ANALYSES

Géopolitique de « Barbie »

Presse
4 septembre 2023

Interdit en Algérie, au Koweït ou au Liban mais diffusé aux Emirats arabes Unis et en Arabie saoudite… Le blockbuster de Greta Gerwig, dont le succès irrite l’écosystème sexiste international, contribue partout à rendre « mainstream » les codes et les références féministes, note la politiste Marie-Cécile Naves dans une tribune à « l’Obs ».







Plutôt que se livrer à l’exercice périlleux consistant à délivrer un brevet de « bon » ou « mauvais » féminisme concernant « Barbie », il est intéressant de s’arrêter sur les réceptions de ce blockbuster à l’international. Son influence est immense, et c’est le premier enseignement : tout le monde en parle. Il est impossible de faire comme s’il n’existait pas. Plusieurs lectures et appropriations se dégagent, qui confirment des oppositions ou des rivalités ou en font émerger de nouvelles. Concentrons-nous ici sur ce qui a trait à la représentation des femmes, des hommes, mais aussi de leurs interactions.

Tout d’abord, « Barbie » fait l’unanimité contre lui chez les antiféministes. En dépit de leurs différences, les réactionnaires convergent pour railler le film ou demander (et parfois obtenir) son interdiction. Dans les pays occidentaux, les masculinistes lui reprochent de promouvoir une « haine des hommes » et refusent d’y voir le second degré qu’ils exigent par ailleurs des féministes à propos des films où les femmes sont interchangeables, les faire-valoir des héros, ou carrément absentes. L’énorme succès du film irrite sans doute aussi l’écosystème sexiste international.



Ensuite, les valeurs véhiculées par le divertissement américain, lequel voit sa domination de plus en plus contestée – notamment par la K-pop (et d’ailleurs le film ne semble pas avoir fait recette en Corée) –, sont ici et là décrites comme décadentes. Ainsi, la liberté sexuelle, le fait de donner à voir une variété de masculinités (interprétée comme une « promotion » de l’homosexualité masculine) ou encore la place prise par les femmes dans l’espace public sont considérés comme indécents.
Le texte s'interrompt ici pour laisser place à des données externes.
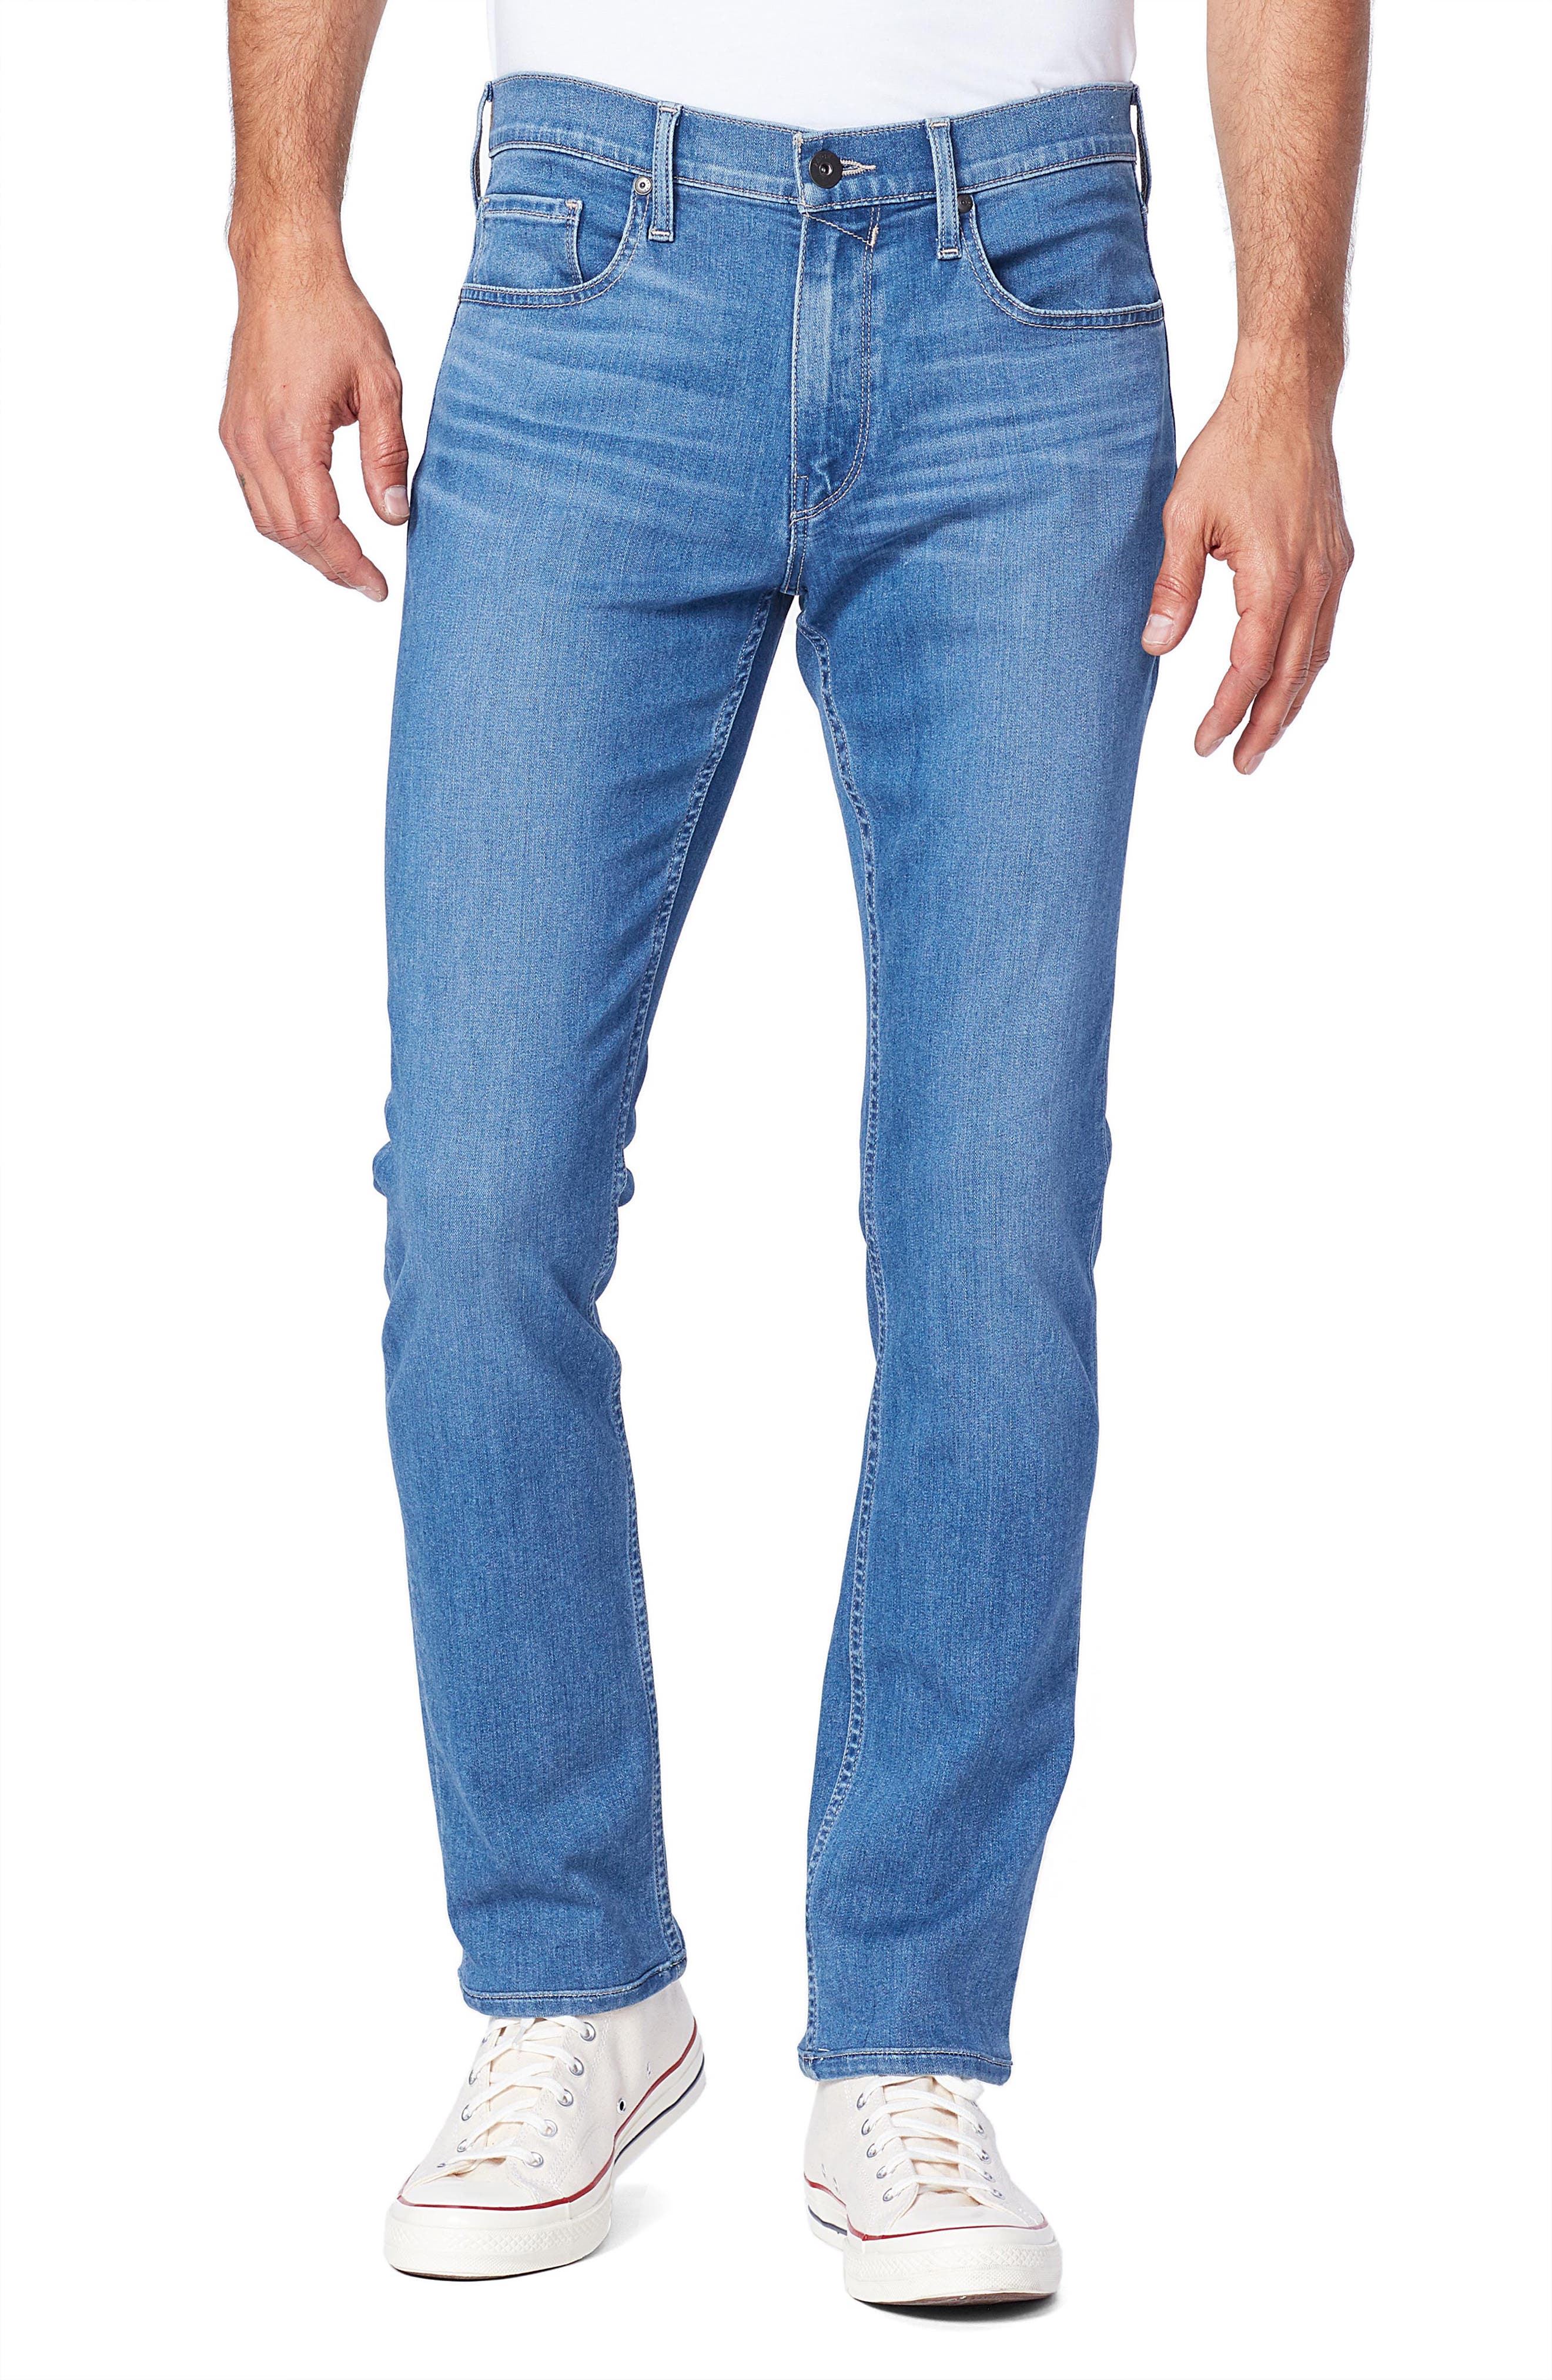 paige jeans fit guide mens

Au service du « soft power »


En outre, « Barbie » renouvelle des rapports de force géopolitiques via une guerre culturelle. Par exemple, le film, retiré des salles en Algérie, interdit au Koweït et au Liban, pour atteinte à la morale, est diffusé avec succès dans des pays bien plus conservateurs comme les Emirats arabes Unis et l’Arabie saoudite.

Selon le chercheur Karim Emile Bitar [au micro de RFI],« au Liban, les membres de la classe politique au pouvoir cherchent des moyens de détourner l’attention du peuple de leur incompétence, de leur corruption, de leur incurie. Et ils veulent remobiliser leur base ». « Barbie » est alors un bouc émissaire parmi d’autres. « A l’inverse, en Arabie saoudite, ajoute Karim Emile Bitar, Mohammed ben Salmane s’est engagé dans un vaste processus de transformation » et de soft power pour « redorer son image » à l’international. La culture, à l’instar du sport, en est un vecteur privilégié.

Le film de Greta Gerwig peut se voir également approprié par une jeunesse en mal d’émancipation. C’est notamment le cas en Chine, où le pouvoir appréhende généralement le féminisme comme une déclinaison de la dissidence et de la contestation mais n’a pas perçu « Barbie » comme subversif. L’engouement que le long-métrage suscite est une nouvelle illustration de l’inventivité des féministes pour faire circuler, par l’art et le divertissement – que l’Etat chinois considère comme inoffensifs –, des messages contre les violences sexuelles, le mansplaining ou les stéréotypes de genre.

A l’échelle du monde comme au sein de chaque pays (y compris aux Etats-Unis), les influences féministes sont plurielles, circulent, se confrontent et donc s’enrichissent. Produit de la pop culture mondialisée, « Barbie » n’en ouvre par moins le champ des possibles créatifs. Ce film contribue, partout, à rendre mainstream les codes et les références féministes, crée du débat et, finalement, fonde une nouvelle expérience collective.